Some rogues succeed in spreading a false belief. They are, they say, the special emissaries of Heaven. They can open as they choose the gates of Paradise or of Hell. When this belief has taken root, they say, “Here are some little images to which we have given such power that they can make those who wear them happy through all eternity. Giving you one of these images is rendering you an immense service; give us, therefore, services in return.”
This is a created value. It is based on an erroneous appraisal, you will say; that is true. The same can be said of many material things whose value is indisputable, for they would find purchasers if they were put up for auction. The science of economics would be impossible if it recognized as values only those values that are judiciously appraised. At every step it would be necessary to repeat a course in physics or the moral sciences. In the state of isolation, a man may, by reason of depraved desires or poor judgment, pursue with great effort an unreal satisfaction, a delusion. Similarly, in society, it happens, as a philosopher said, that sometimes we purchase our regrets at a very high price. If it is in the nature of human intelligence to be more disposed to truth than to error, all these frauds are destined to disappear, these false services to be refused, to lose their value. Civilization in the long run will put all things and all men in their proper place.
I must, however, terminate this overlengthy analysis. The wants of breathing, drinking, eating; the wants of vanity, of the mind, of the heart, of public opinion, of well-founded or groundless hopes—we have sought value in all of them, and we have discovered it wherever services are exchanged. We have found it to be everywhere of identical nature, based on a clear, simple, absolute principle, although affected by a multitude of varying circumstances. If we had passed all our other wants in review—if we had summoned the cabinetmaker, the mason, the manufacturer, the tailor, the doctor, the doorman, the lawyer, the businessman, the painter, the judge, the President of the Republic—we should have discovered nothing more: sometimes material things, sometimes forces furnished gratis by Nature, but always human services exchanged for other human services, being measured, estimated, appraised, evaluatedby comparison with one another, and alone evidencing the result of this evaluation, that is, value.
There is, nevertheless, one of our wants of a very special nature, which binds our society together, which is both the cause and the effect of all our transactions and the perennial problem of political economy. I wish to say a few words about it. I mean the want of exchanging.

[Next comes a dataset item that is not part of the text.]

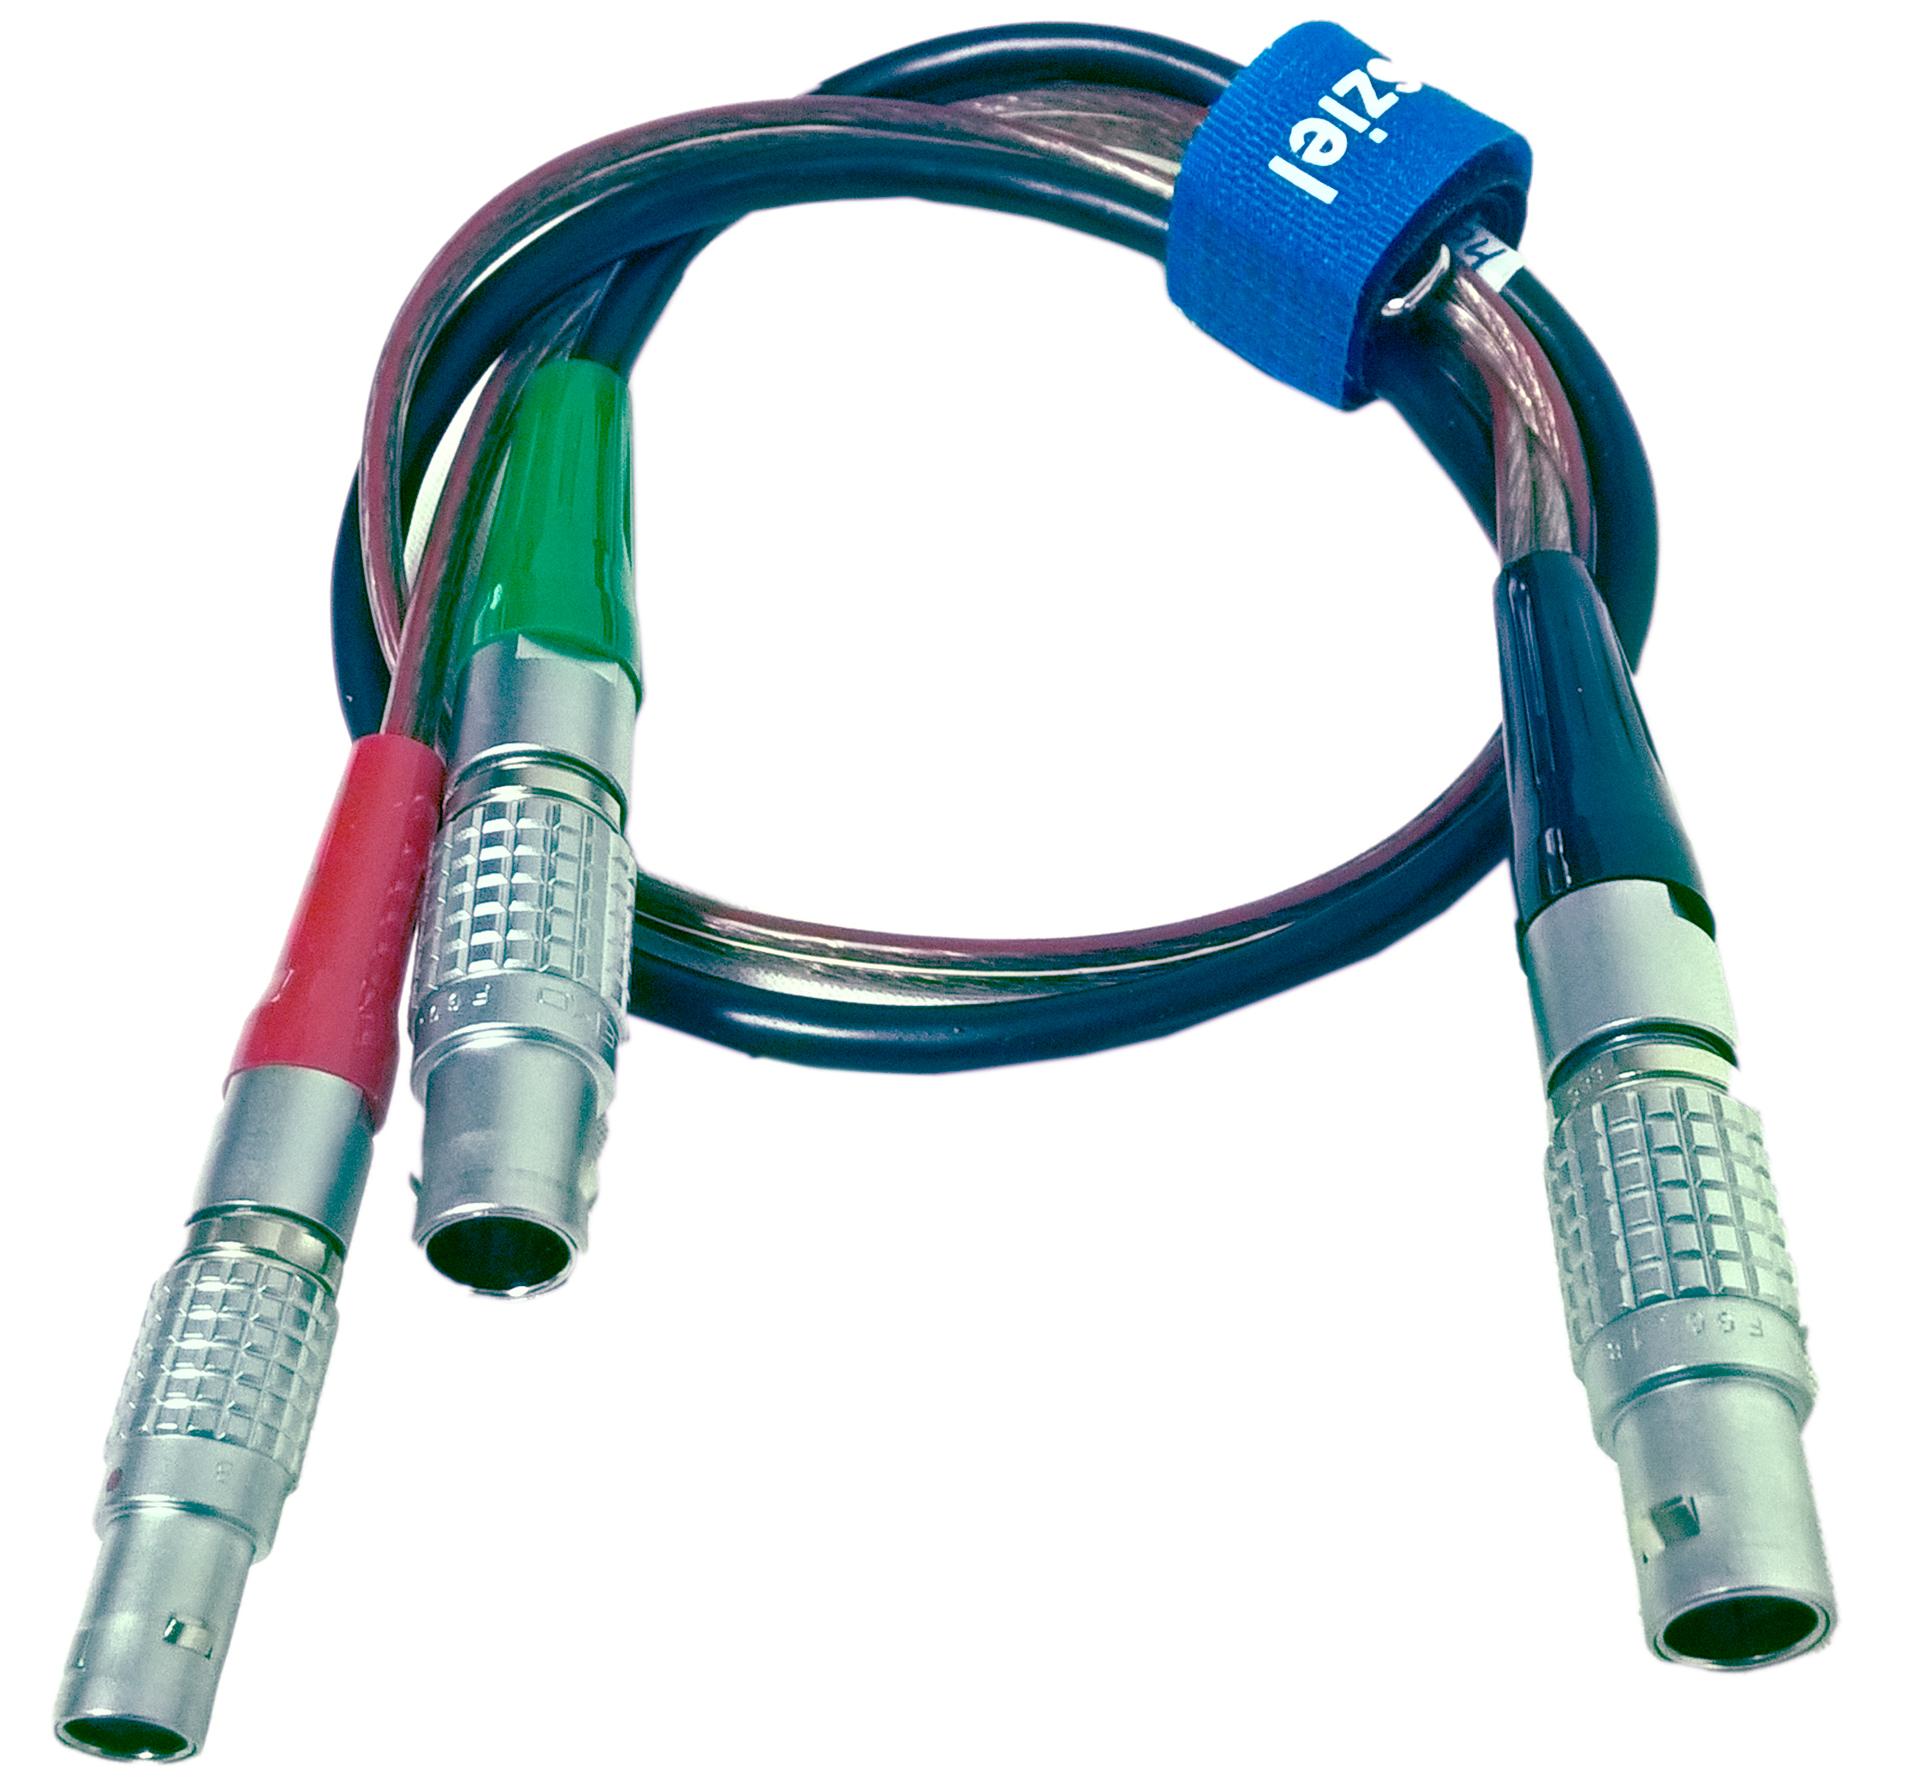 Kabel zur Ansteuerung/Strom MagNum-Prüfprojektor TP6/TP7
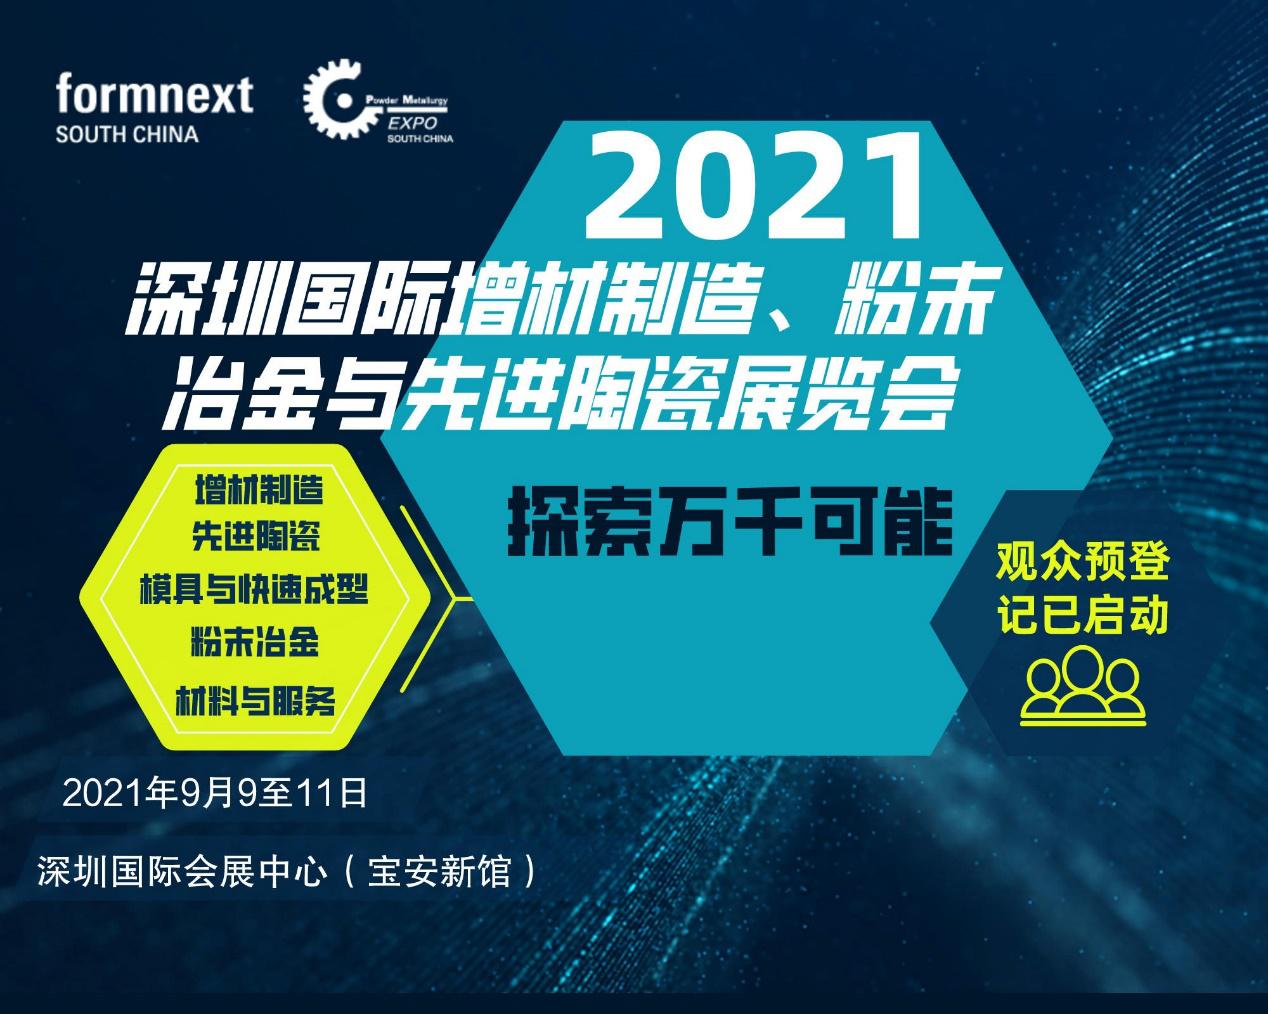 共筑增材制造(3D打印)新前景,Formnext   PM South China 2021与你9月相聚深圳

In the preceding chapter we described the marvelous effects of exchange. They are such that men are naturally disposed to facilitate exchange even at the price of great sacrifice. For that reason there are highways, canals, railroads, wagons, ships, businessmen, merchants, bankers; and it is impossible to believe that humanity, in order to facilitate exchange, would have subjected itself to such a tremendous levy on its energies if it had not found a large measure of compensation in the act of exchange.
We have also seen that simple barter could make possible nothing more than very inconvenient and limited transactions.
For this reason men thought of the idea of breaking up barter into two factors, buying and selling, through the medium of an intermediate commodity, easily divisible and, above all, possessing value, so that it would in its own right commend itself to the public's confidence. This commodity is money.
What I wish to note here is that what we call, by ellipsis or metonymy, the value of gold and silver, rests on the same principle as the value of air, water, the diamond, the sermons of our old missionary, or the trills of Mme. Malibran; that is, on services rendered or received.
Gold, which is widely distributed along the favored banks of the Sacramento, does indeed derive from Nature many of its desirable qualities: malleability, weight, beauty, brilliance, even utility, if you wish. But one thing Nature did not give gold, because Nature is not concerned with it, and that is value. A man knows that gold corresponds to a much felt want, that it is greatly desired. He goes to California to look for gold, just as my neighbor a little while ago went to the well to get water. He exerts strenuous efforts, he digs, he shovels, he washes away gravel, he melts the ore, and then comes to me and says, “I will do you the service of turning this gold over to you; what service will you render me in return?”
We discuss the matter; each one ponders over the factors that enter into the decision; at last we come to an agreement; and there we have value made manifest and definite. Deceived by the abbreviated expression, “Gold has value,” we might well believe that gold contains value just as it does weight or malleability, and that Nature took the pains to place it there. I trust that the reader is now convinced that this is a misapprehension. He will become convinced later that it is a deplorable misapprehension.
There is also another error involving gold, or rather money. Since it is customarily the intermediate agent in all transactions, the mean term between the two extremes in roundabout or indirect barter, since its value is always the standard of comparison when two services are to be exchanged, it has become the measure of value. Practically, it cannot be otherwise. But our science should never lose sight of the fact that money, as far as value is concerned, is subject to the same fluctuations as any other product or service. Science does lose sight of this fact frequently, and it is not surprising. Everything seems to conspire to cause money to be considered the measure of value in the same sense that the litre is a measure of capacity. It plays an analogous role in transactions. We are not conscious of its fluctuations because the franc, along with its larger and smaller components, always retains the same denomination. And even arithmetical tables conspire to encourage the confusion by listing the franc, like a measure, alongside the metre, the litre, the are, the stere, the gramme, etc.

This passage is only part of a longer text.